Todd Michael Cooper, M.D., of Seattle Children’s Hospital described a study testing the drug CPX-351 (Vyxeos®) in children aged 1-21 with relapsed AML.  LLS supported the early development of this drug through our Therapy Acceleration Program (TAP). Vyxeos is a reformulation of two standard chemotherapy drugs encased in a tiny liquid bubble, optimizing the ratio and delivery of the medicine. It was approved for adults with secondary AML in 2017, marking the first new therapy for AML in decades.

Todd Cooper

Cooper said the study’s goal is to get the children into remission long enough to bridge them to a potentially curative stem cell transplant.  The children were treated with a regimen of CPX-351 followed by a combination of standard chemotherapies.  Of the 38 patients enrolled, 68 percent achieved a complete remission, and 83 percent of t hose patients were able to have a successful stem cell transplant. Cooper said the results warrant further study in a Phase 3 trial. Cooper is also part of a task force working with our Chief Medical Officer Gwen Nichols, M.D., to develop the LLS PedAL trial.

Jeffrey E. Rubnitz, M.D., of St. Jude Children’s Hospital, followed with a presentation on another breakthrough therapy recently approved for adult AML patients. LLS long-supported the early research of this therapy, venetoclax (Venclexta ®), first leading to its approval in chronic lymphocytic leukemia, and last year for AML.

Rubnitz showed in an early study that venetoclax was safe and well tolerated by children, and 75% of the children achieved a complete remission. He noted two children in particular, a seven-year-old and 11-year-old boys, respectively, both of whom were highly resistant to treatment but achieved remission with no evidence of disease with this regimen and went on to have stem cell transplants.

Michael Zwaan, M.D., of Erasmus MC-Sophia Children’s Hospital and Princess Maxima Center of Pediatric Oncolgy Utrecht, in Rotterdam, The Netherlands, moderated the session. In conclusion he posed the question:  Can we move beyond cytarabine? (the standard chemotherapy used for decades to treat children with leukemia. His answer “Yes we can!”

Dr. Zwaan said his institution and others in Europe are eager to participate in LLS’s PedAL because well-designed trials in relapsed AML are sorely needed.

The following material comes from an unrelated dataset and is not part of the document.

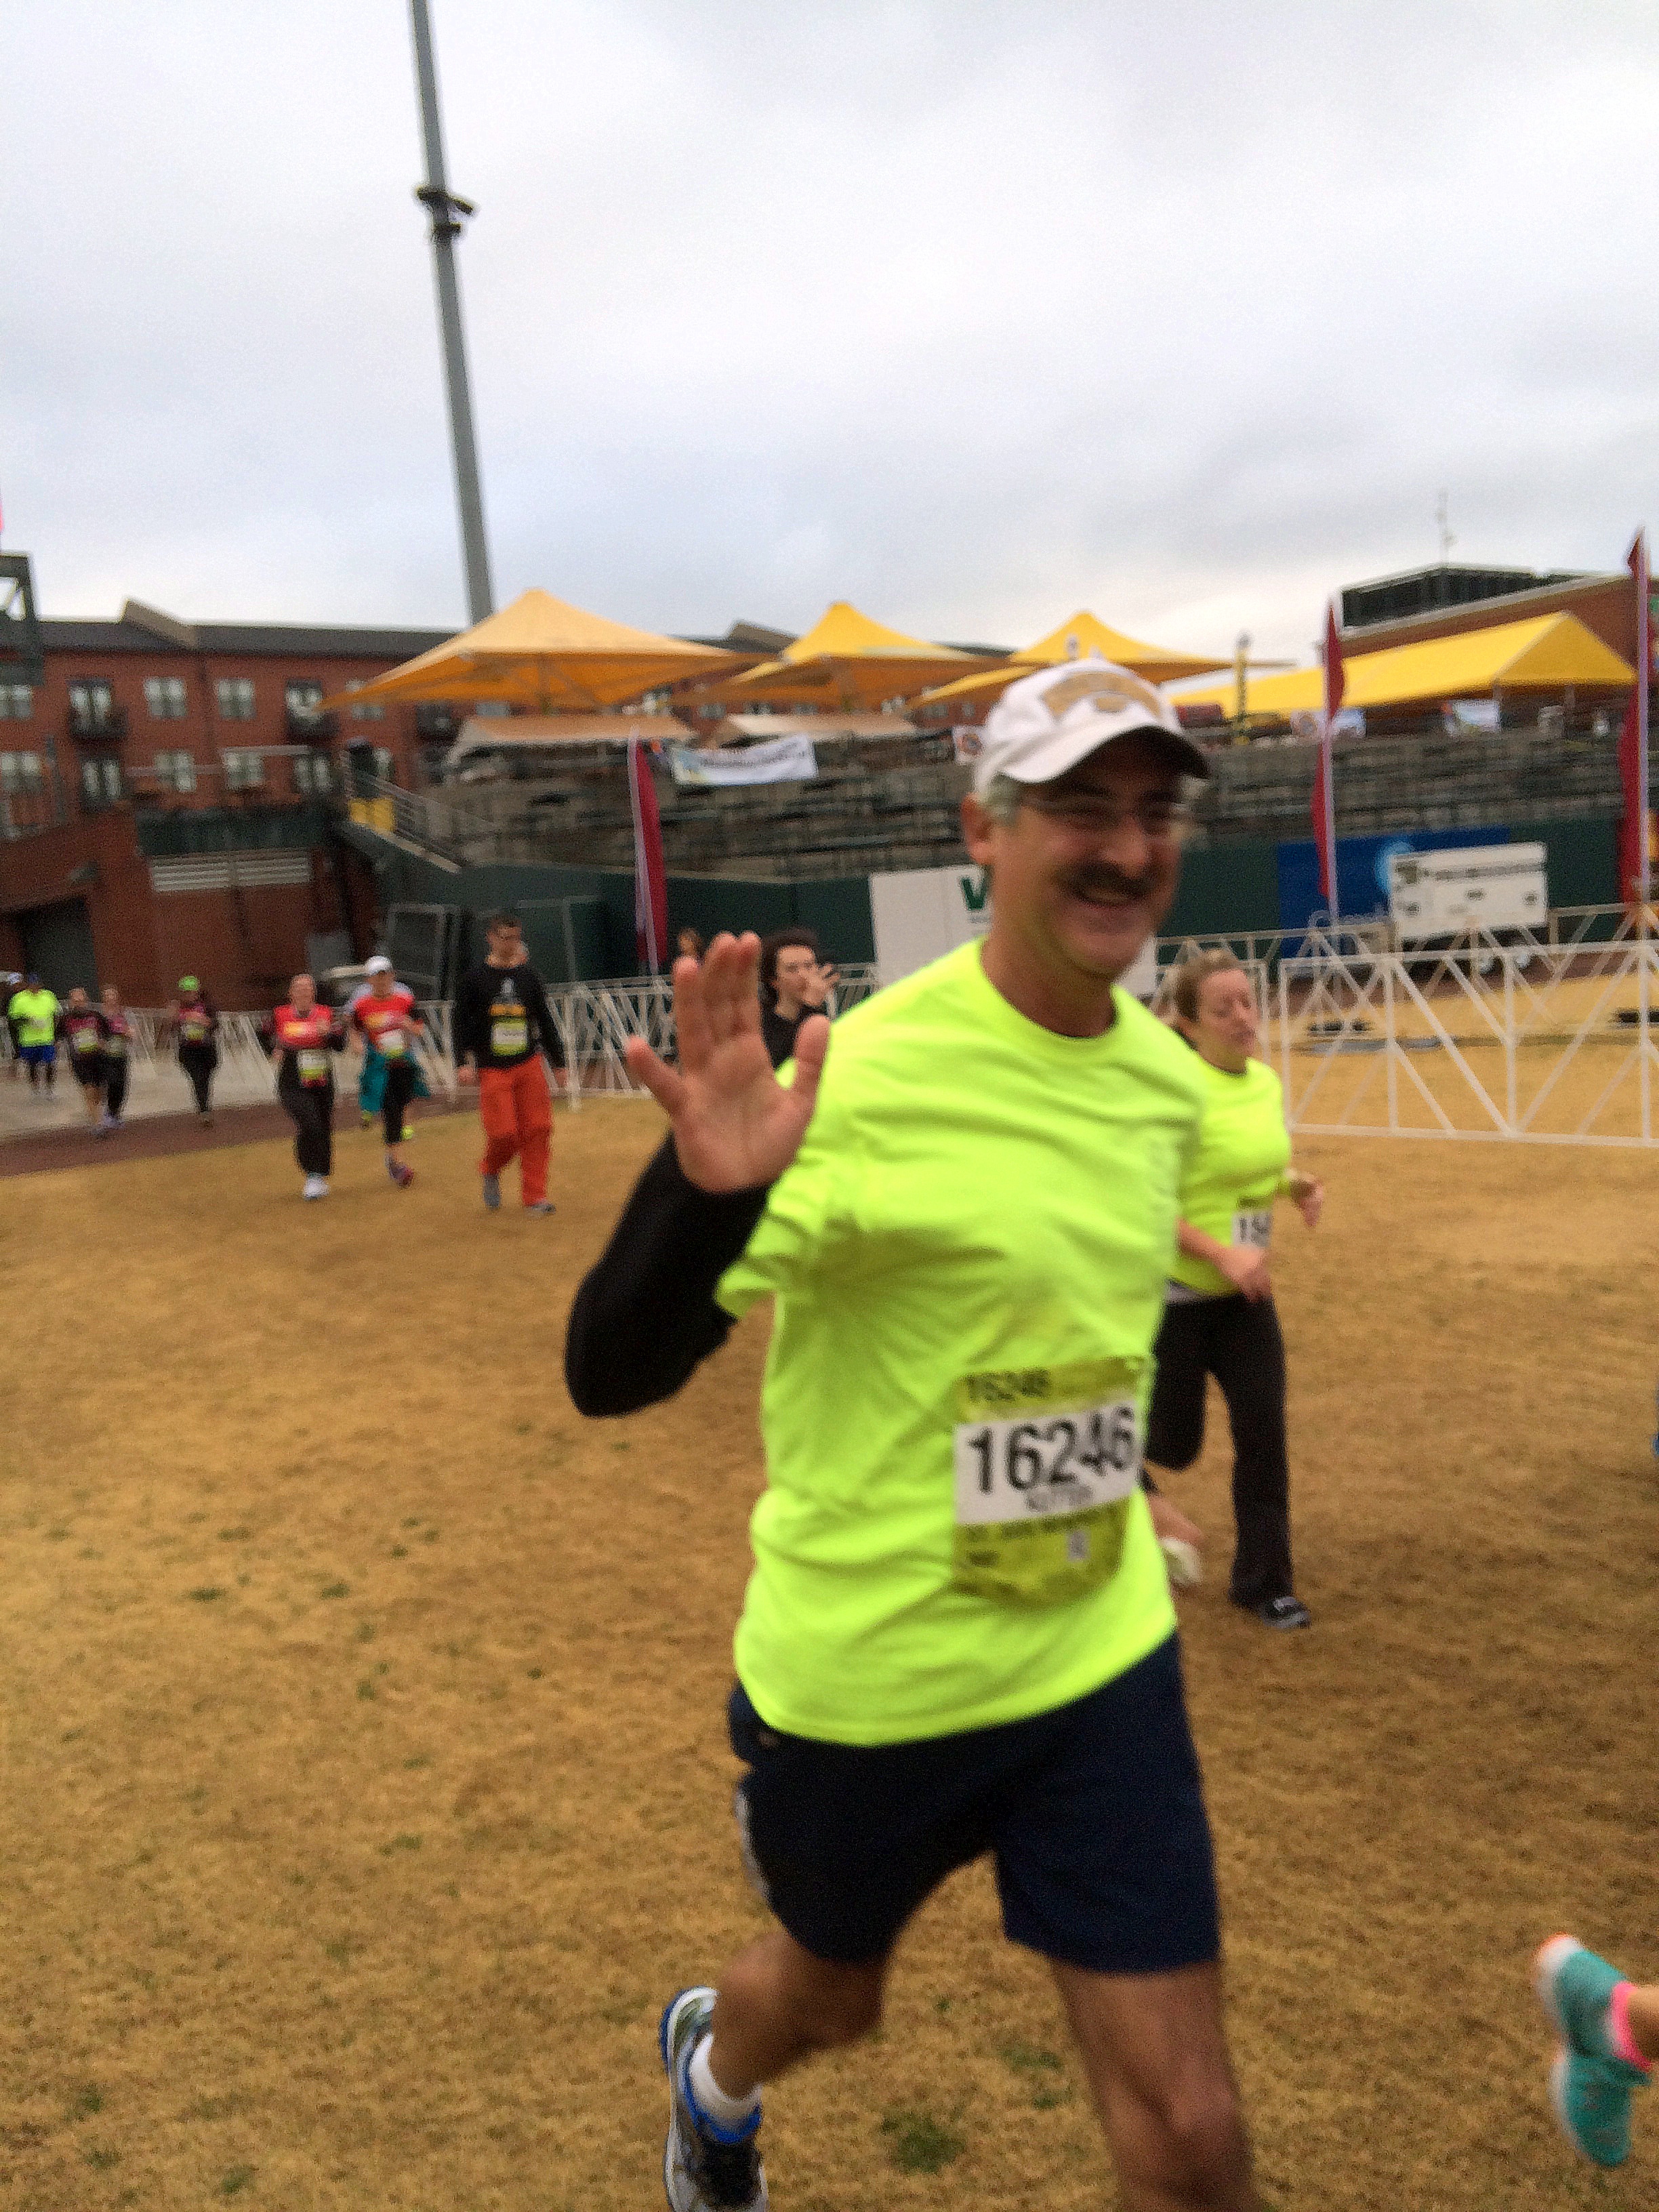 Dr. Kutteh finishes the 5K

CAR-T for Glioblastoma in Children?

The revolutionary chimeric antigen receptor (CAR) T-cell therapy is a procedure first pioneered in the blood cancers that trains a patient’s own T cells to find and kill cancer cells. It appears to be curing hundreds of leukemia and lymphoma patients who had relapsed multiple times and had run out of options. Since it made history gaining approval in 2017 for children and young adults with acute lymphoblastic leukemia, and adults with relapsed lymphoma, scientists have been trying to get this therapy work for patients with other cancers like myeloma and AML, as well as for solid tumors. To date, they are still confounded by the challenges of making it work for these other patients.

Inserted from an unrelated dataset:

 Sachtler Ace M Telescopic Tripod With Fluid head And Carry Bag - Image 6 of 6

Staying with the theme of pediatric cancer treatment, I attended a session on Saturday afternoon focused on clinical trials testing CAR-T in children with glioblastoma, a tumor of the brain. Nabil Ahmed, M.D., of Baylor College of Medicine, discussed the results of several trials. To date, despite glimmers of hope, success in treating glioblastoma patients with CAR-T has been fleeting. The obstacles include:

  • Too many different types of cancer cells within a single tumor, making it hard to find the right combination of treatments. Multi-CAR-Ts (“carpools) may need to be developed, Ahmed said.
  • CAR-T cells have been described as a living drug because they continue to multiply and attach the cancer once they are infused back into the patient, but in clinical trials for solid cancers, the CAR-T cells do not persist for more than several days, weeks or months.
  • The antigens - the specific molecules that the CAR T-cells are designed to attack - are disappearing for some reason. 

While the progress has been halting, Ahmed said there is reason for optimism as researchers are determined to devise strategies and will ultimately succeed in overcoming these challenges.